Summaries of the eight agreements follow:
Caltech – Primary goal: to develop a scalable architecture for efficient quantum simulation of many-body systems using optical parametric oscillator (OPO) networks. PI: Alireza Marandi, Assistant Professor of Electrical Engineering and Applied Physics.
Cornell – Primary goal: to develop a quantum neural network (QNN) based on error detection and error correction feedback. PI: Peter McMahon, Assistant Professor of Applied and Engineering Physics.
Michigan – Primary goal: to perform theoretical studies of topological states in nonlinear optics and synthetic topological matter. PI: Franco Nori, Affiliated Faculty, Department of Physics.
MIT – Primary goal: to develop the photonic accelerators for deep learning and the superconducting coherent Ising machines (CIMs) for optimization. PIs: Dirk Englund, Associate Professor of Electrical Engineering and Computer Science; and Will Oliver, Associate Professor of Electrical Engineering and Computer Science and Professor of the Practice of Physics.
NASA Ames Research Center – Primary goal: to perform benchmark studies of CIMs vs. modern heuristics on various optimization problems.
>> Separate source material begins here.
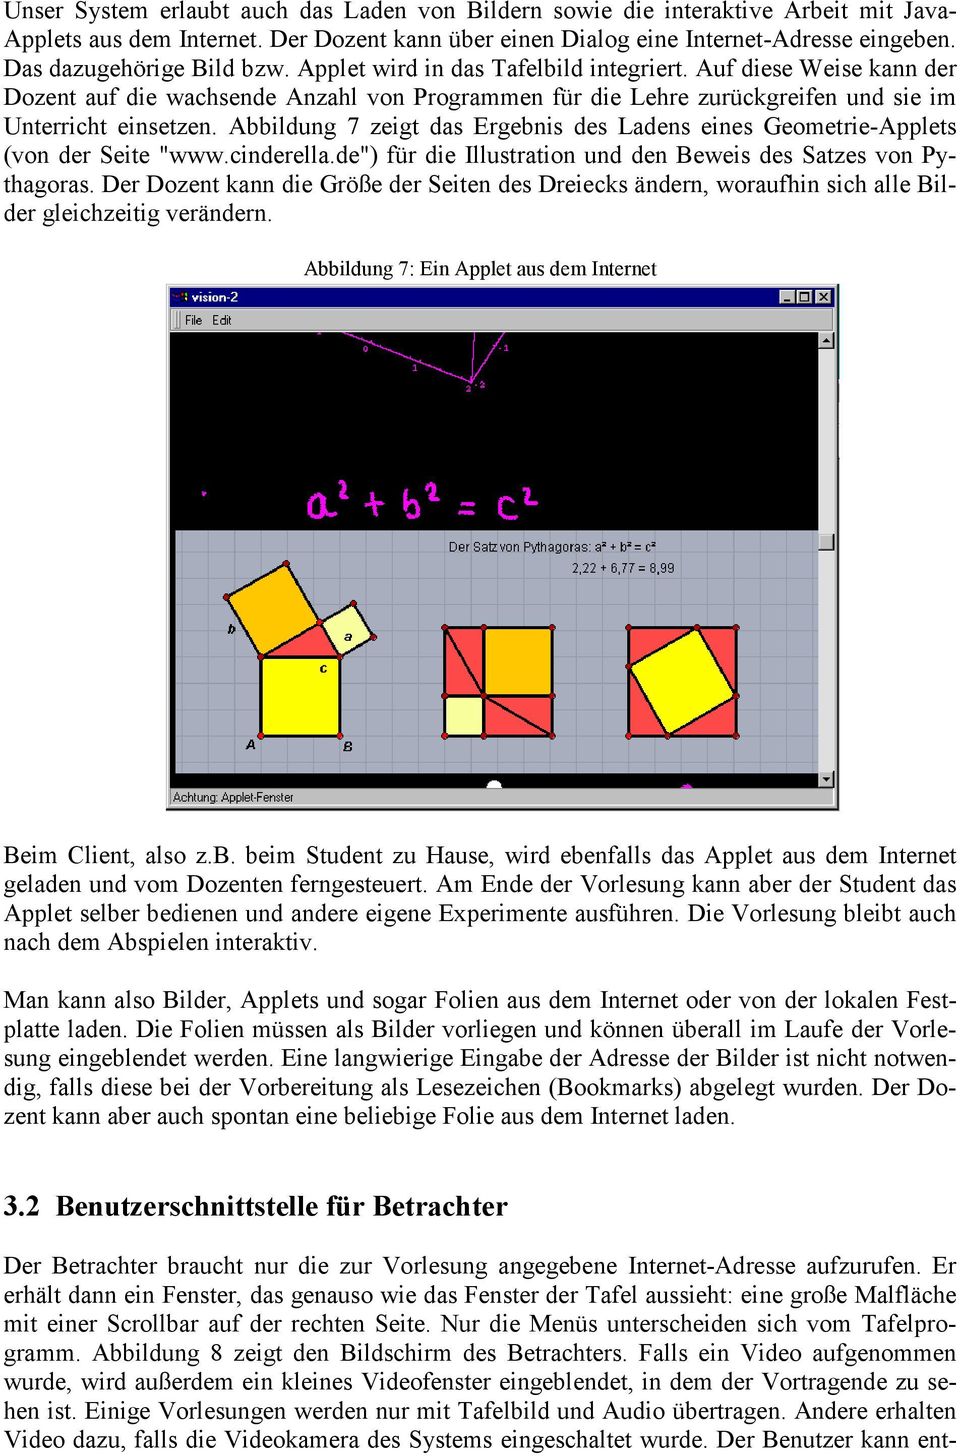 Abbildung 7 zeigt das Ergebnis des Ladens eines Geometrie-Applets (von der Seite "www.cinderella.de") für die Illustration und den Beweis des Satzes von Pythagoras.

PI: Eleanor Rieffel, Lead, Quantum Artificial Intelligence Laboratory.
Stanford – Primary goal: to develop novel optical and superconducting devices for studying the quantum-to-classical crossover physics and critical phenomena in the quantum neural network. PI: Hideo Mabuchi, Professor of Applied Physics; and co-PIs: Martin Fejer, Professor of Applied Physics; Benjamin Lev, Associate Professor of Applied Physics and of Physics; Surya Ganguli, Associate Professor of Applied Physics; and Amir Safavi-Naeini, Assistant Professor of Applied Physics.
Swinburne – Primary goal: to develop and implement the theoretical models for CIMs. PIs: Peter Drummond, Distinguished Professor and Science Director, Centre for Quantum and Optical Science (CQOS); and Margaret Reid, Professor of Physics, School of Science, CQOS, and Department of Physics and Astronomy.
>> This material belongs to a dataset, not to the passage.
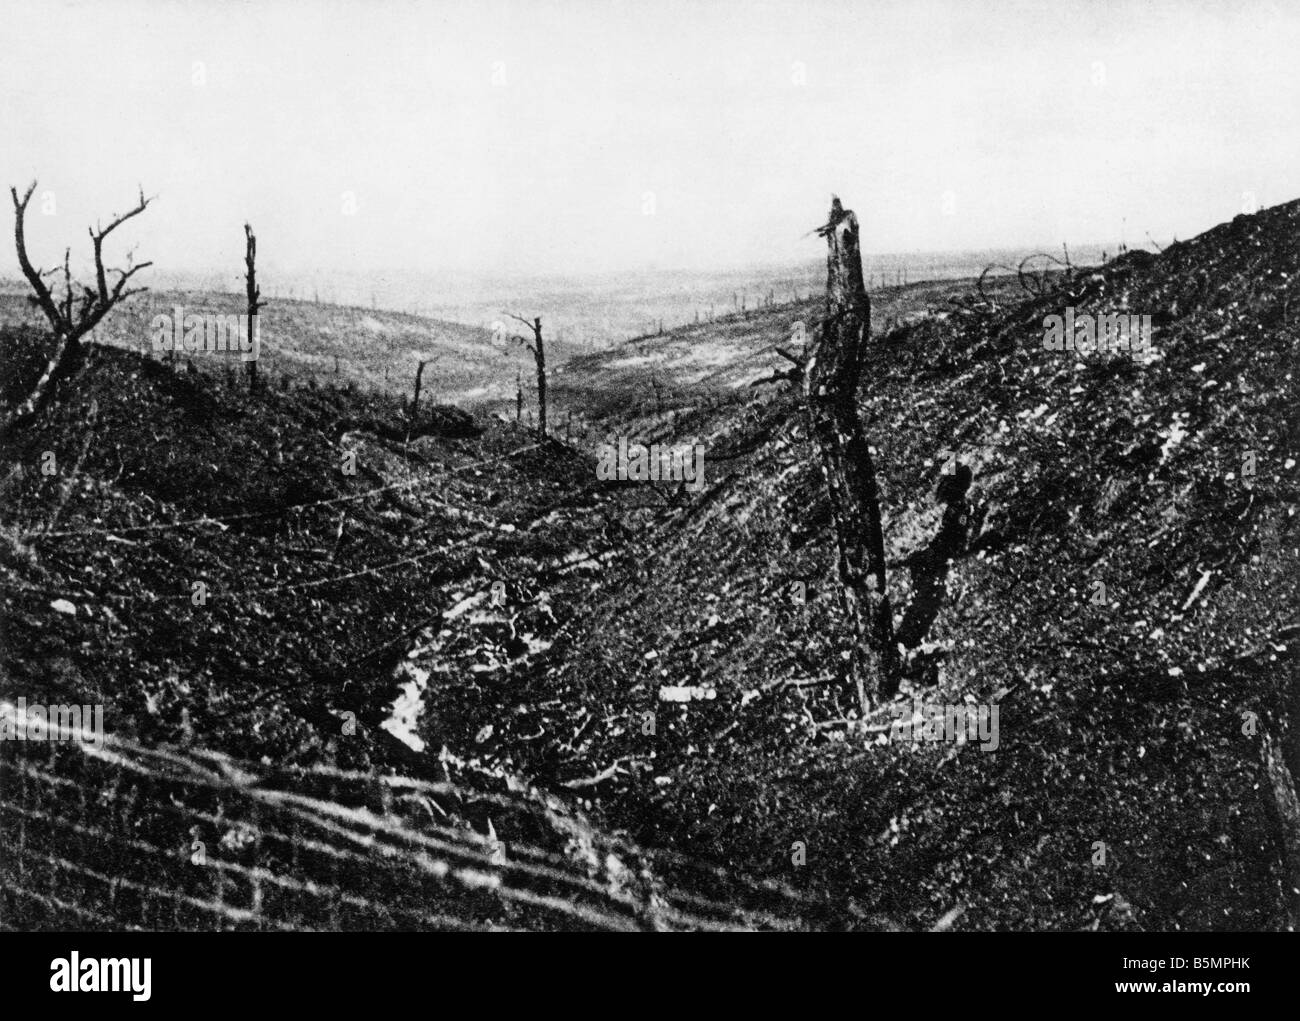 9 1916 10 24 A1 4 e Douaumont Caures forest 1916 Guerra Mondiale 1 1914 18 fronte occidentale battaglia di Verdun 1916 Il distrutto Caures fo Foto Stock

1QBit – Primary goal: to perform research in design and analysis of a stack of algorithms that bridge commercially viable applications to the forms of computation natively done by CIMs, with a multitude of applications in operations research and artificial intelligence. PI: Pooya Ronagh, Head of Hardware Innovation Lab.
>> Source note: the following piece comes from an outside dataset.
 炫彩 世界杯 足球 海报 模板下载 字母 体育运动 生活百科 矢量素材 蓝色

In addition to its PHI Lab, NTT Research has two other divisions: the Cryptography and Information Security (CIS) Lab, and the Medical and Health Informatics (MEI) Lab. On November 14, NTT Research President and CEO Kazuhiro Gomi will be speaking on “Fundamental High-Impact Research,” as part of the three-day NTT R&D Forum in Tokyo. The three NTT Research Lab directors will also be providing research updates at this event.
About NTT Research
NTT Research opened its Palo Alto offices in July 2019 as a new Silicon Valley startup to conduct basic research and advance technologies that promote positive change for humankind. Currently, three labs are housed at NTT Research: the Physics and Informatics (PHI) Lab, the Cryptography and Information Security (CIS) Lab, and the Medical and Health Informatics (MEI) Lab. The organization aims to upgrade reality in three areas: 1) quantum information, neuro-science and photonics; 2) cryptographic and information security; and 3) medical and health informatics. NTT Research is part of NTT, a global technology and business solutions provider with an annual R&D budget of $3.6 billion.